Nasional

Tiga Kiat Sikapi Media Online Ekstrem Menurut Peneliti Kemenag

Jumat, 26 November 2021 | 20:30 WIB

Tiga Kiat Sikapi Media Online Ekstrem Menurut Peneliti Kemenag

Ilustrasi media daring. (Foto: Dok. NU Online)

Jakarta, NU Online
Berdasarkan hasil jajak pendapat Balitbang Diklat Kementerian Agama RI melalui penelitian bertajuk Respons Tokoh Agama atas Konten Kontra Narasi Ektremisme di Media Online sepanjang 2021, menyebutkan bahwa ada tiga kiat dalam menyikapi media daring ekstrem.


Pertama, memblokir media tersebut. Kedua, menggalakkan literasi media. Ketiga, mendorong media online memperbanyak konten kontra narasi ektremisme. Namun, salah seorang peneliti Kemenag Abdul Jamil Wahab menyebutkan, pemblokiran media online ekstrem tidak akan memberi dampak yang sepenuhnya efektif.


“Sebab, terkadang ada beberapa situs yang sudah diblokir, namun masih bisa diakses. Dengan kata lain, hari ini ditutup, besok bisa muncul kembali,” kata Jamil, sapaan akrabnya.
 

 

Sementara literasi media, menurut dia, membutuhkan upaya panjang. Sebab, tidak mudah mengedukasi masyarakat. Hal itu tampak dari salah satu kebiasaan buruk masyarakat pengguna media sosial yang biasanya hanya membaca judul headline berita tanpa membaca isinya.


“Harapan terakhir ada pada media yang mengembangkan kontra narasi,” kata Jamil saat memaparkan hasil risetnya pada diskusi Seminar Hasil Penelitian Isu-isu Aktual Bimas Agama yang digelar di Jakarta, Jumat (26/11/2021).

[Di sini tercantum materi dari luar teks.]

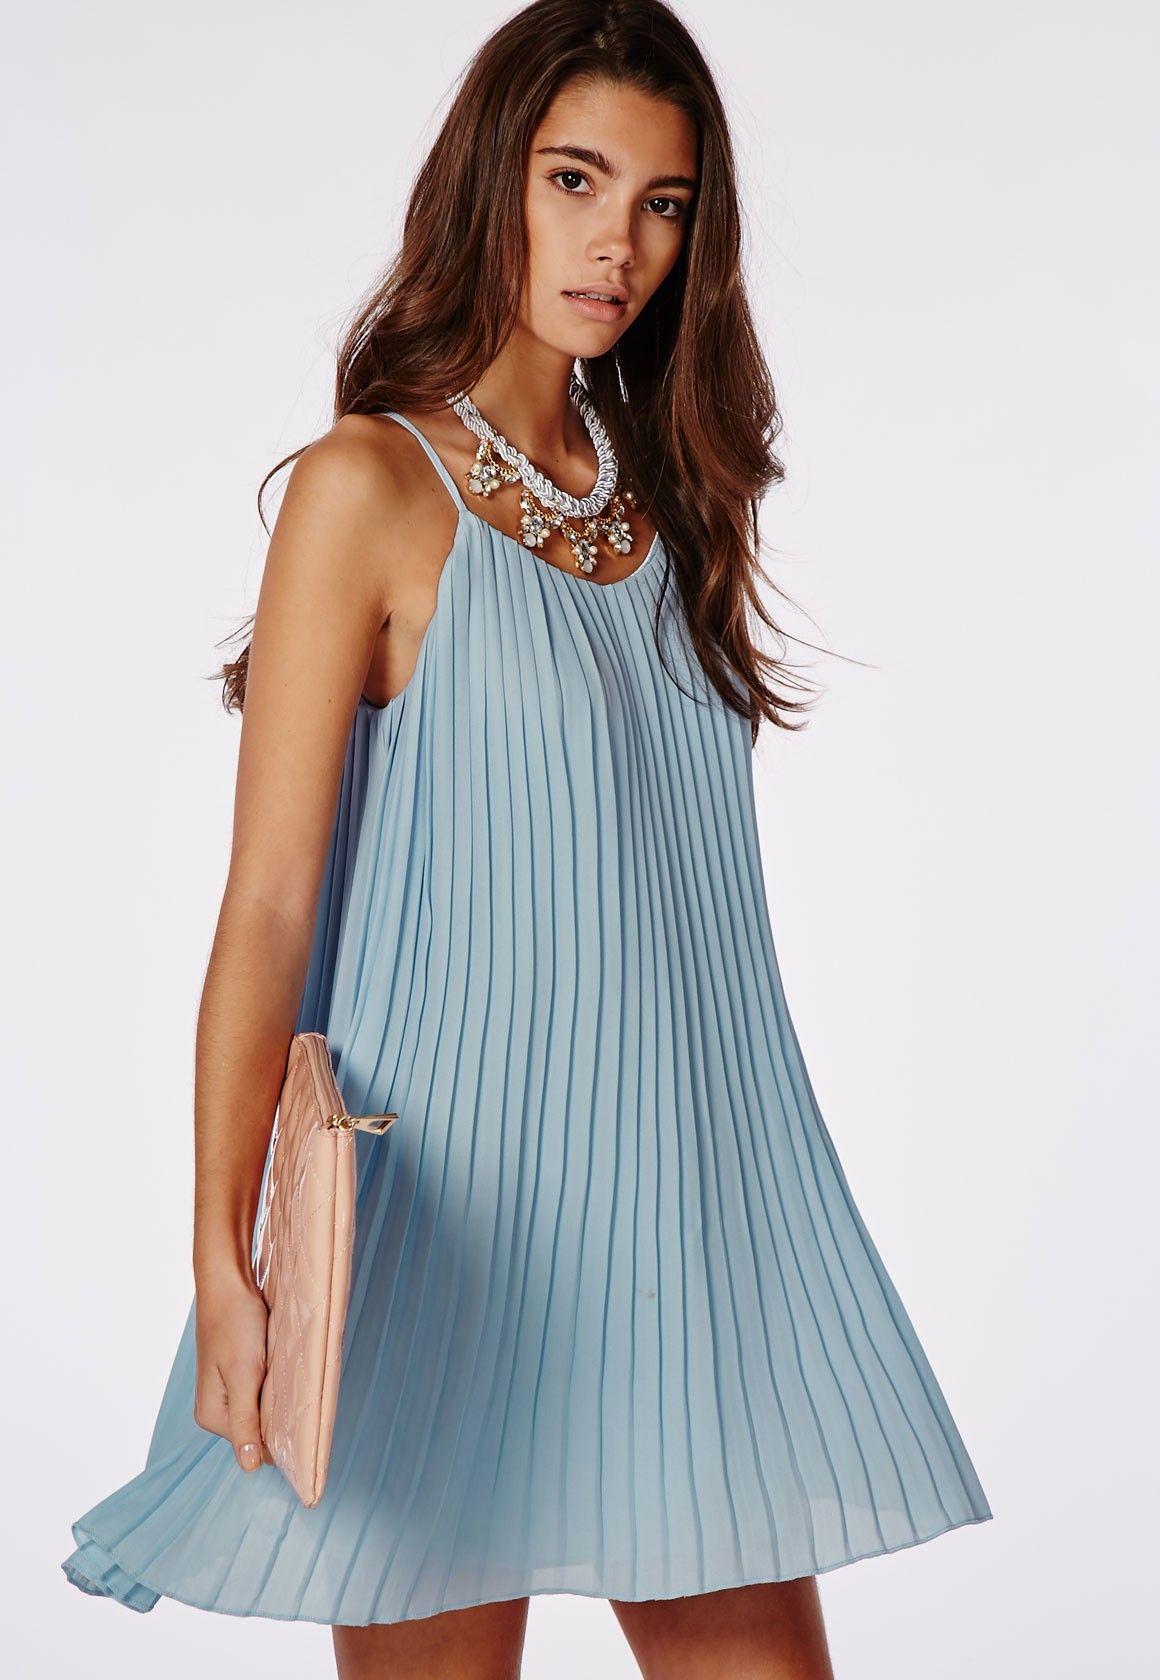 Missguided - Chiffon Pleated Swing Dress Powder Blue | Let's go ...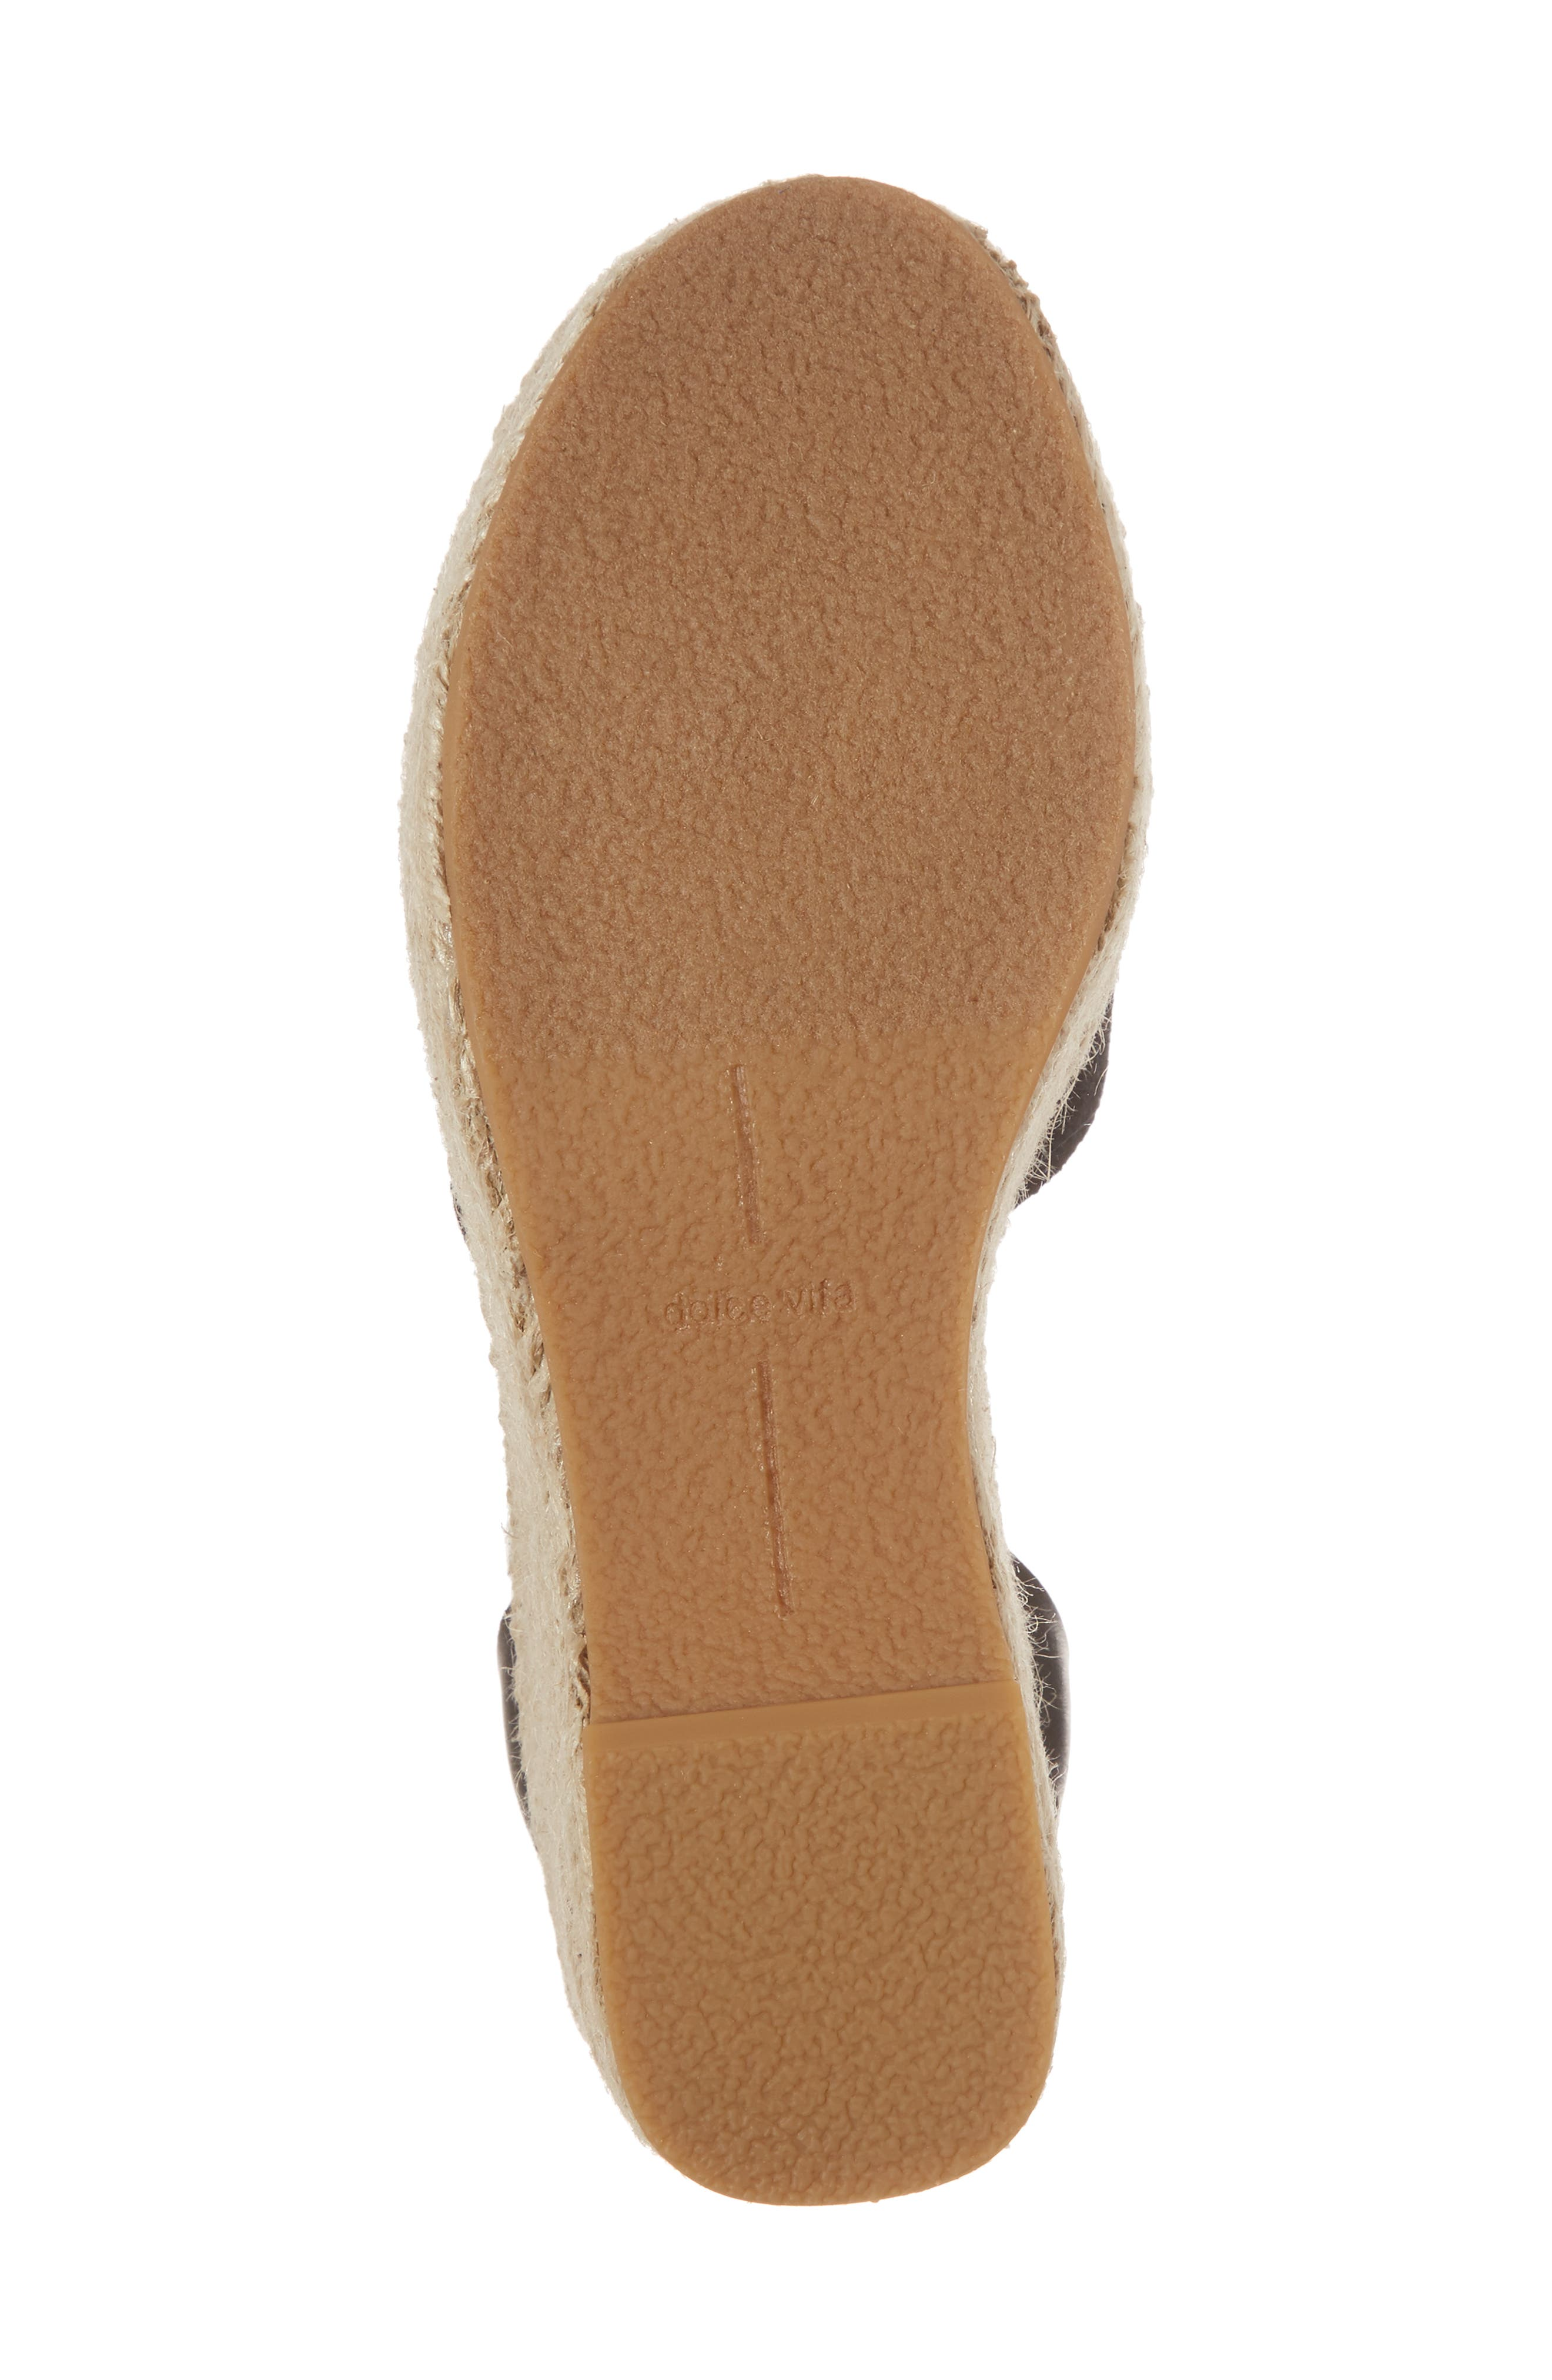 DOLCE VITA, Lesly Espadrille Platform Sandal, Alternate thumbnail 6, color, 001

Mengenai pengembangan kontra narasi ektremisme, Reslawati yang juga peneliti Balitbang menyebutkan, selain stakeholders kementerian masyarakat juga perlu ikut membanjiri konten-konten kontra narasi terorisme dan radikalisme di medsos.


Ia berpendapat, upaya men-take down akun-akun penyebar propaganda terorisme tidak akan maksimal jika medsos tidak dibanjiri narasi toleransi dari tokoh-tokoh agama yang memiliki ilmu dan pengaruh kuat di masyarakat.

 

“Kami memilih kota karena biasanya kantor-kantor pusat media online terletak di ibu kota dan penggunanya juga kebanyakan masyarakat perkotaan,” terang Resla, sapaan akrabnya.


Ia juga melaporkan bahwa dorongan tersebut telah dilakukan dengan mewawancarai setidaknya empat informan sebagai objek penelitian dengan kriteria sebagai berikut: ahli agama, memiliki konsern ke konten media daring, memiliki kemampuan membaca konten keagamaan pada platform digital.


Sependapat dengan para peneliti sebelumnya, Farhan Muntafa (LP3P Universitas Indonesia) menyebut modus baru propaganda dan perekrutan jaringan radikalisme serta terorisme melalui medsos dapat diatasi dengan pembuatan konten narasi.


Menurut dia, negara dan masyarakat harus menandingi propaganda dan perekrutan yang dilakukan oleh kelompok ini dengan menciptakan narasi kontra sehingga narasi yang disaksikan tidak bersifat tunggal.


Farhan menyarankan agar mudah diterima masyarakat narasi kontra dapat diolah ke dalam berbagai konten di medsos. Pasalnya, para pelaku propaganda itu juga memainkan narasi, elemen musik, bahkan nilai ideologi ke dalam video yang diunggah ke medsos.


“Dengan begitu tampilannya pun mudah untuk dianggap menarik bagi generasi muda yang aktif di medsos dan menggemari hal-hal modern, terlebih mereka yang masih menuju transisi masa dewasa,” ungkap pakar statistik UI itu.


Penelitian dilakukan di beberapa kota yang ada di Jawa dan Sumatera, dengan asumsi, masyarakat di kota-kota tersebut, banyak yang mengakses media daring. Adapun kota-kota tersebut adalah: Serang, Tangerang, Tangerang Selatan, Bandung, Bogor, Cirebon, Semarang, Solo, Jogjakarta. Surabaya, Malang, Medan, Palembang, Padang, dan Lampung.